Compensating for the imbalance are educational programs, an attempt to attract more students to enter the workforce, and pure economics. Including overtime, wages for skilled tradesmen could reach $125,000 annually, said Dorsey Hager, executive secretary and treasurer of the Columbus Building Trades Council.

Or like Lt. gov. As Jon Husted, the state’s economic development officer, puts it, the Intel project is so big and lucrative that it will create opportunities for people who don’t see construction jobs in their future.

“If you’re willing to pay people more to do something, you’ll find the talent,” he said.

In addition to new and expatriate workers, some will likely be drawn out of the homebuilder industry, thinning out an already tight supply of homebuilders, said Ed Brady, CEO of the Washington, DC-based Home Builders Institute.

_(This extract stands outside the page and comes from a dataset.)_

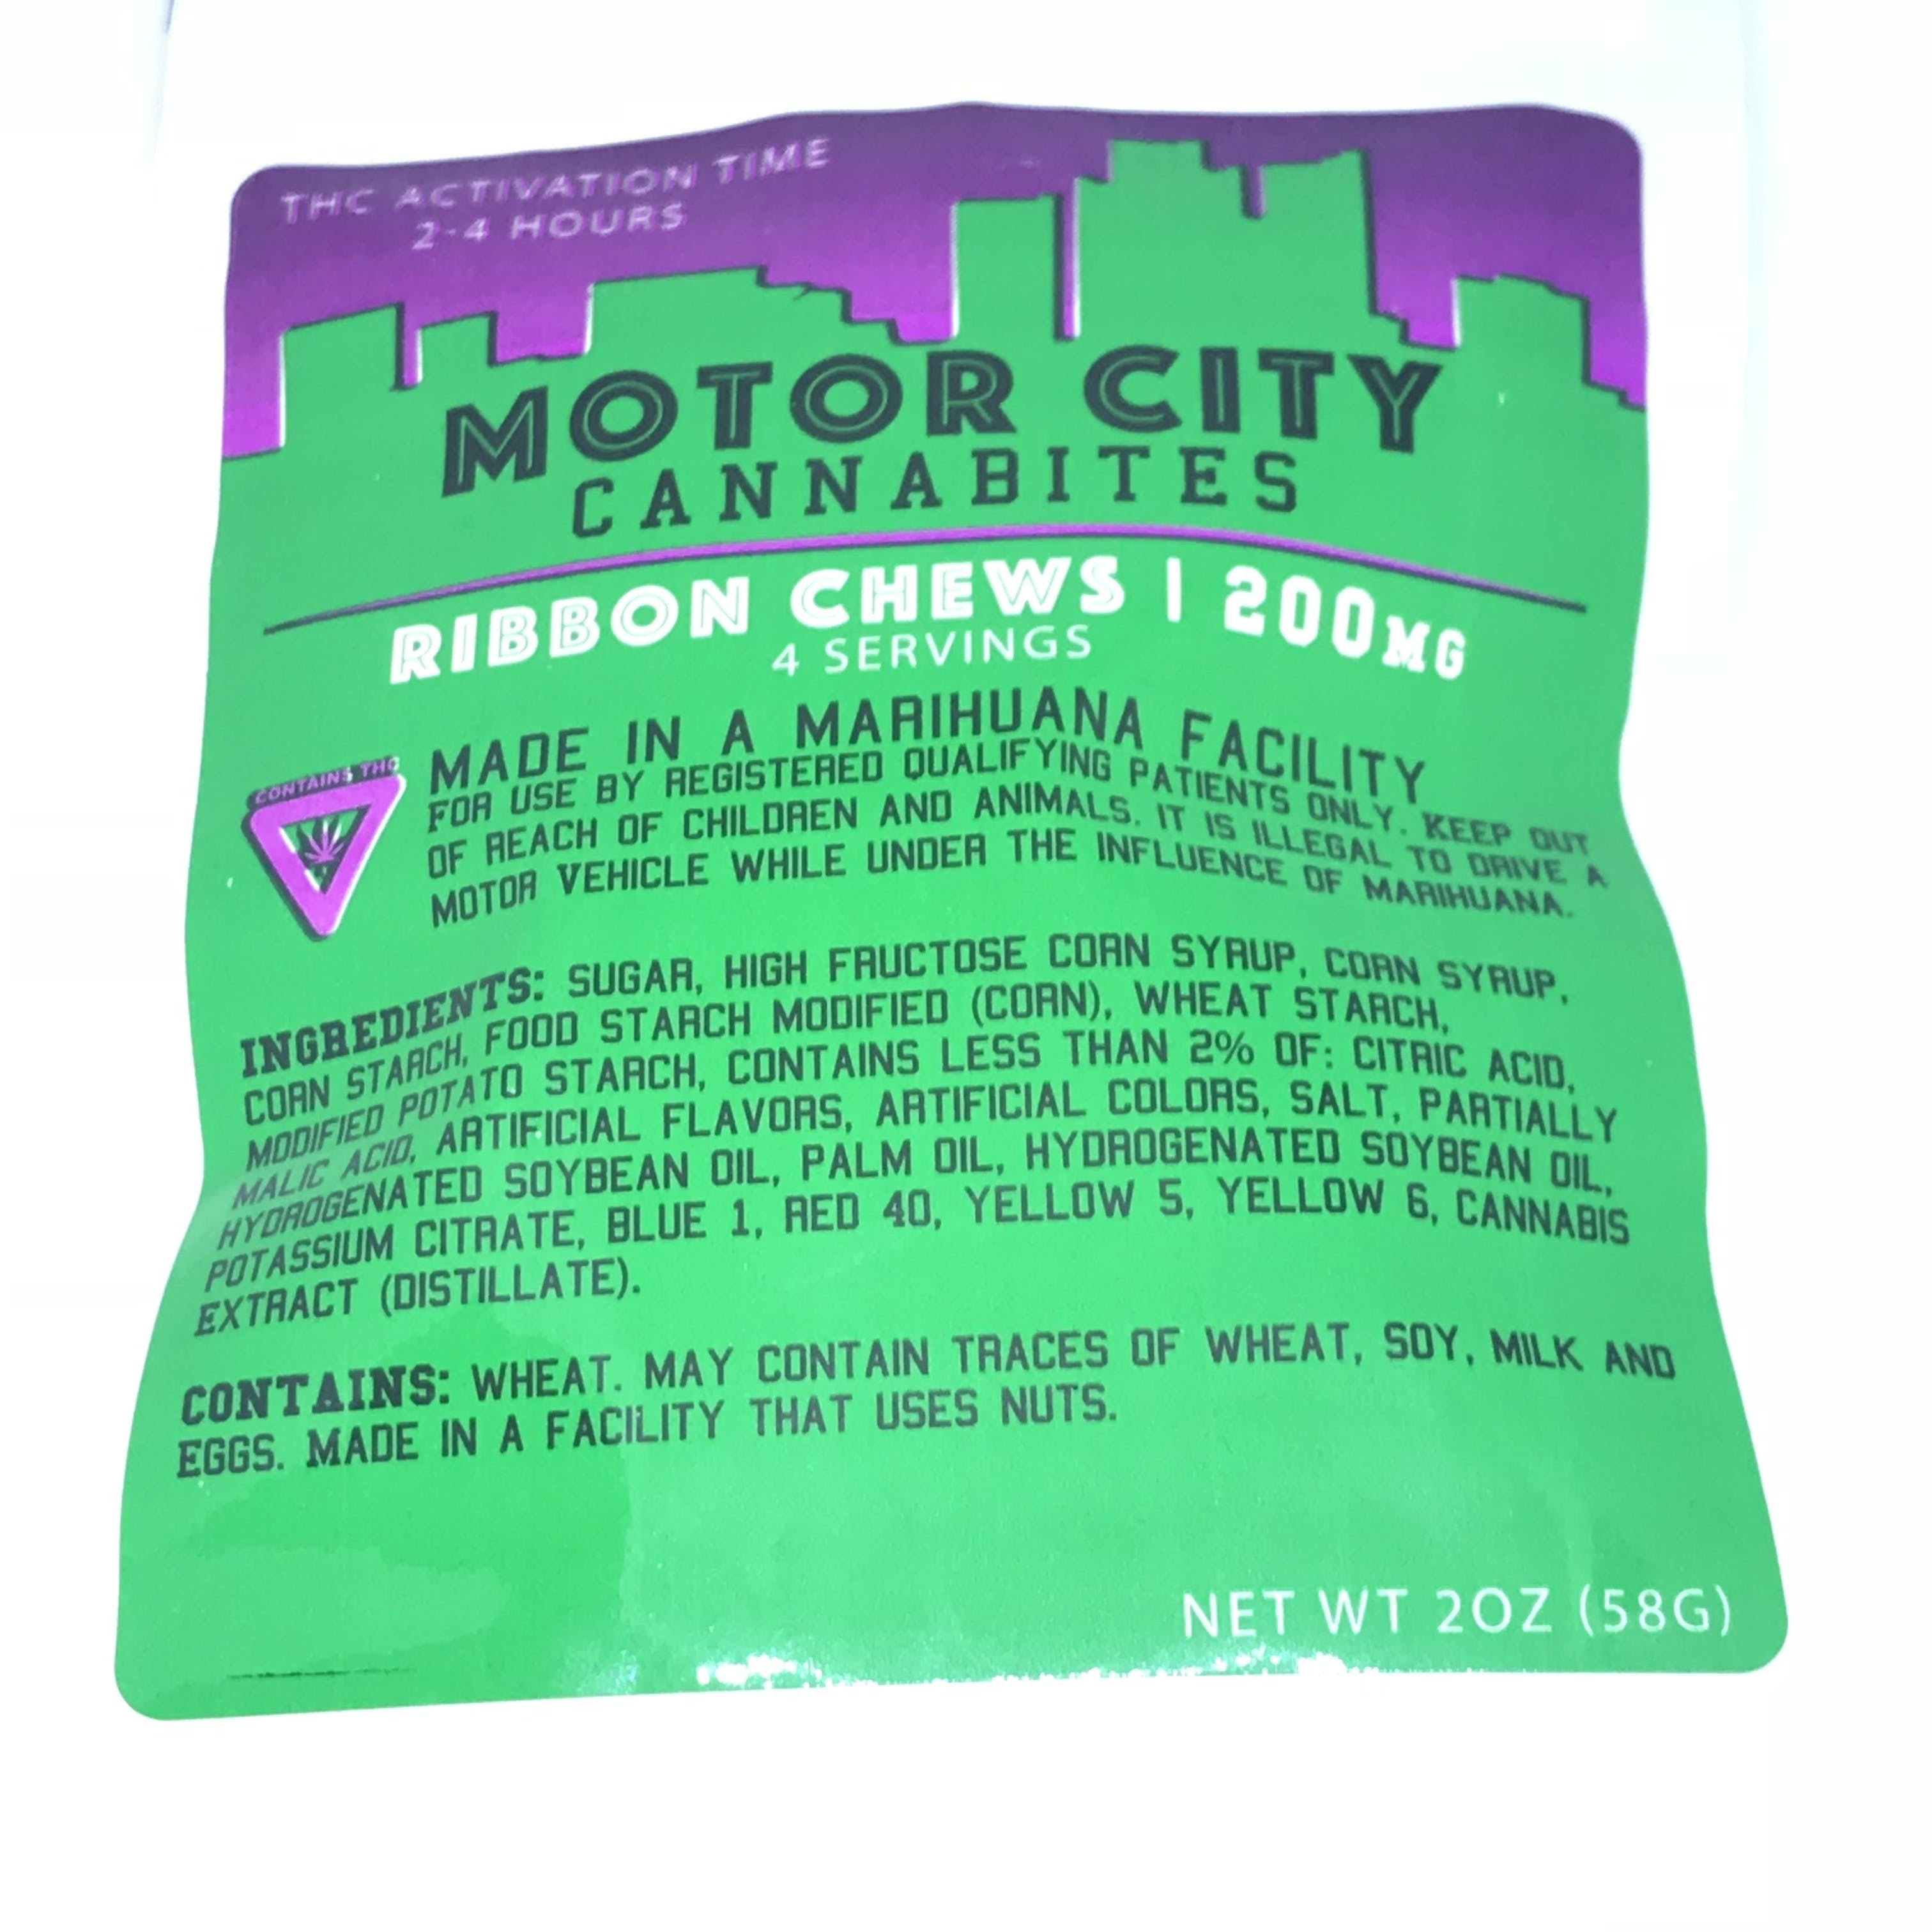 Motor city cannabites ribbon chews 200 mg

That creates a housing shortage risk that could stall the very kind of economic development Intel is spurring, said Ed Dietz of the National Association of Home Builders.

“How do you attract that business investment if you can’t also provide additional housing for labor force growth?” he said.

Central Ohio is expected to reach 3 million residents by 2050, a rate that would require 11,000 to 14,000 housing units per year. That was before Intel was announced, said Jennifer Noll, associate director for community development for the Mid-Ohio Regional Planning Commission. Meanwhile, the region came closest to that goal in 2020 with 11,000 units.

“We know that we as a region have a lot to do,” said Noll.

Shortages or not, work is underway at and near the Intel site, where parades of trucks rumbled down country lanes on a recent August morning while the beeping of several construction vehicles rang out in the distance.

It was just another day for piper Taylor Purdy, who made his regular 30-minute commute from Bangs, Ohio, to his construction job to help widen a road that runs next to the Intel facility.

Purdy, 28, spends his days in trenches helping to position storm and sewer lines and water pipes. Overtime abounds as deadlines approach. Construction for Intel is in its early stages as earth movers are remodeling the 1,000 acres (400 hectares) of former farm and residential land that will be converted into an industrial site.

Purdy said he likes the job security of being involved in such a large project. He’s also found that unlike other jobs he’s worked at, he doesn’t have to explain to people what he’s up to.

“You all know what I’m talking about,” he said.